• Instructions to follow:
Given these entries, repeat exactly the lines starting with the one that has "Samburu moran or" and going on through the one that has "There are 12 spirit symbols.", both included, but none of the pictures.

• Dataset:
--
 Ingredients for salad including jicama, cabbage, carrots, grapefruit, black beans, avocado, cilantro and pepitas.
--
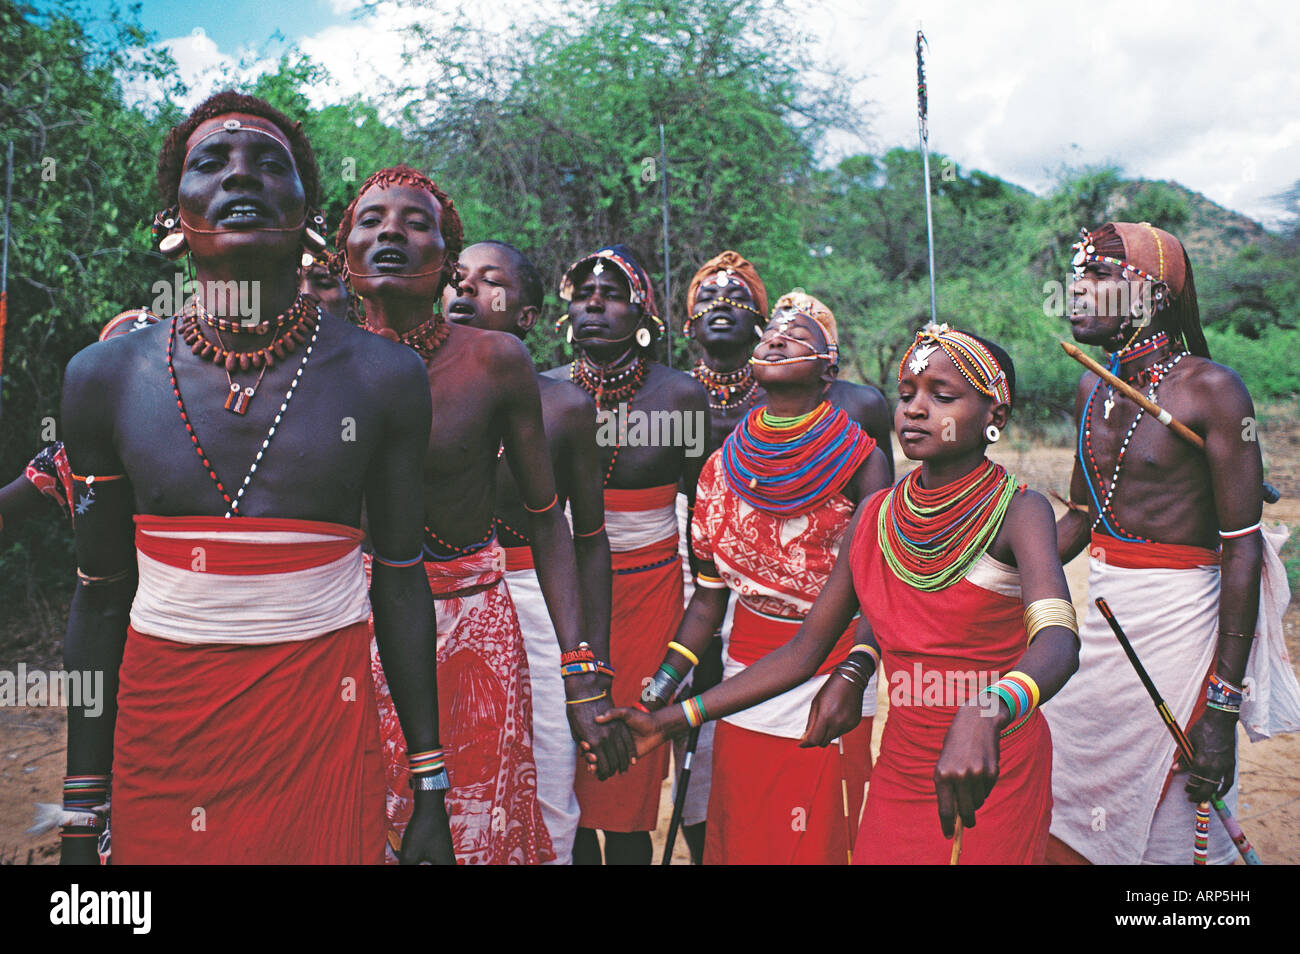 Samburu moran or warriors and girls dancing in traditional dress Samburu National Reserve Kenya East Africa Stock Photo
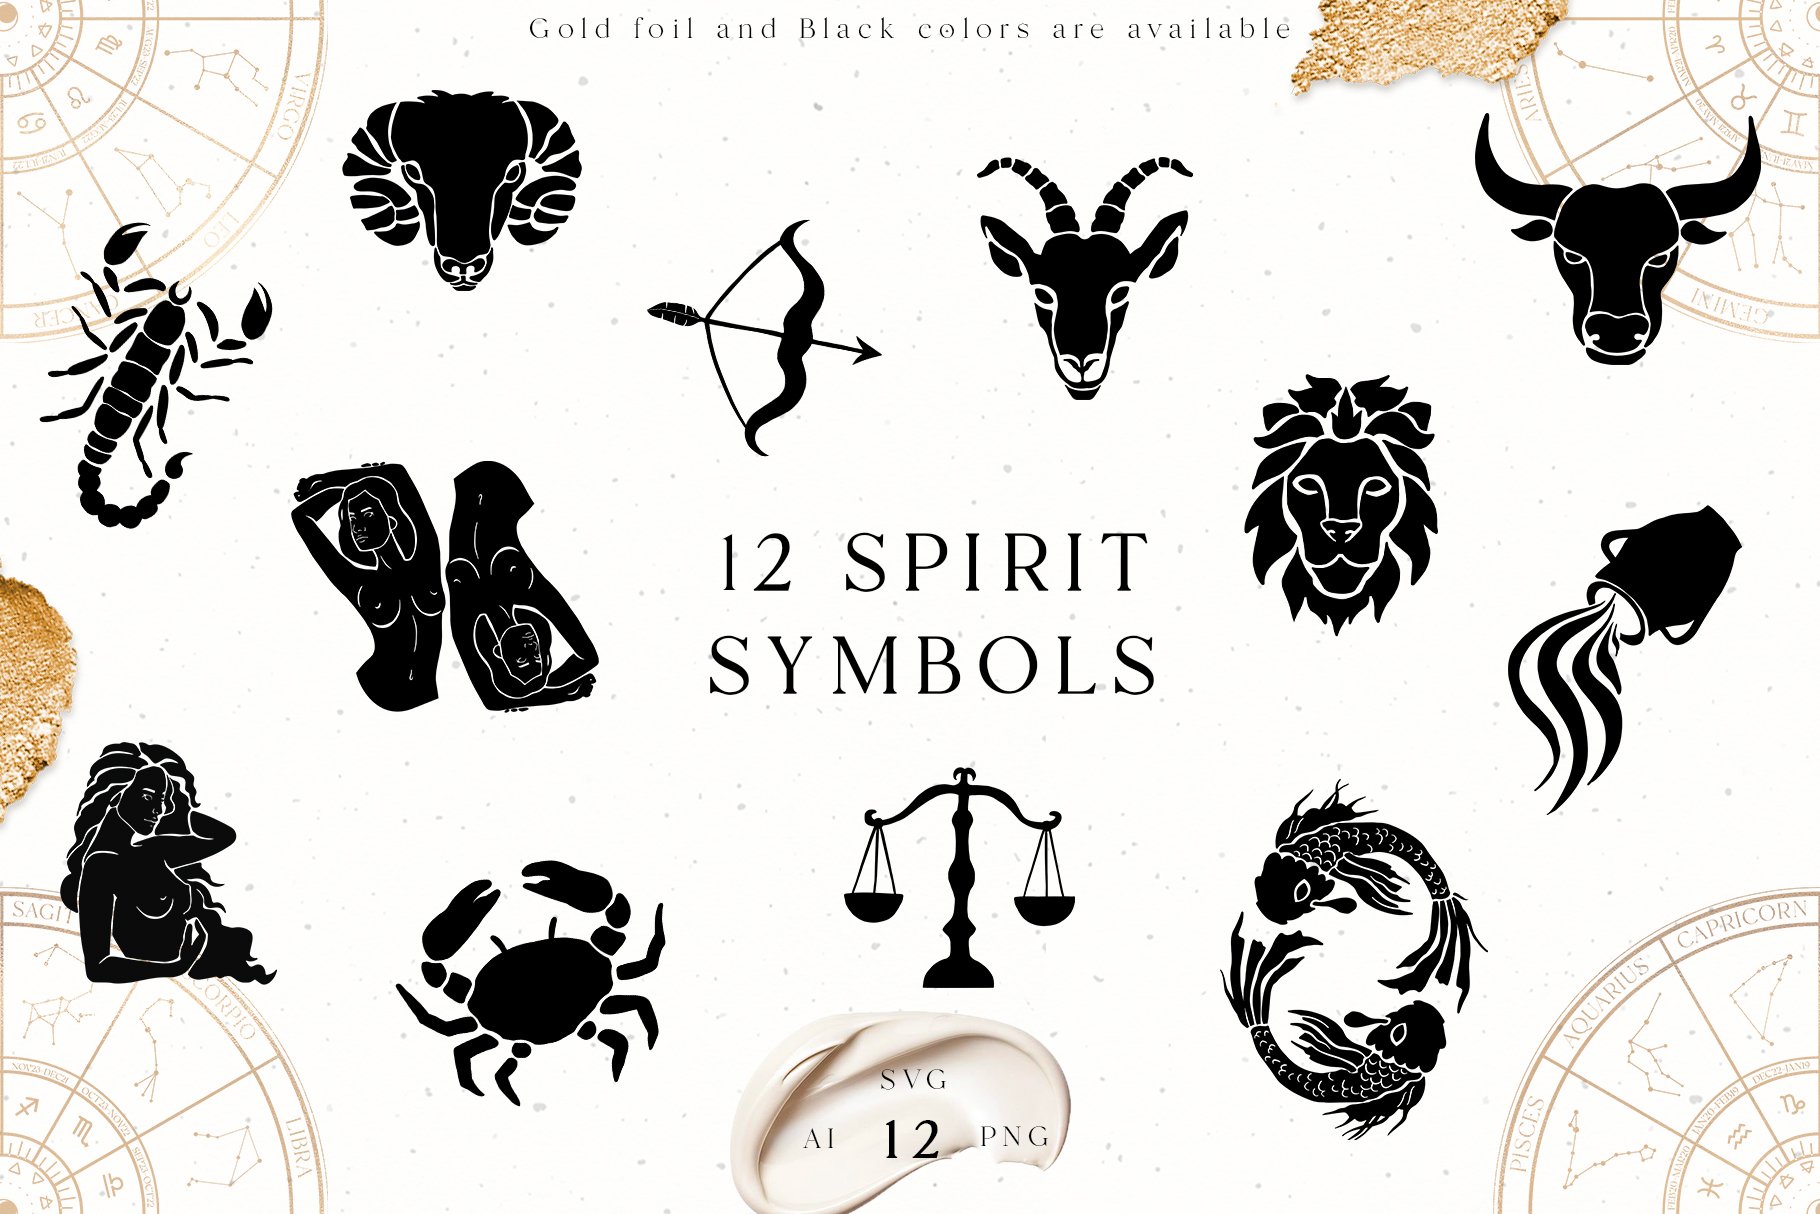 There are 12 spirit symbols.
--
• Reply to the exercise:
 Samburu moran or warriors and girls dancing in traditional dress Samburu National Reserve Kenya East Africa Stock Photo
 There are 12 spirit symbols.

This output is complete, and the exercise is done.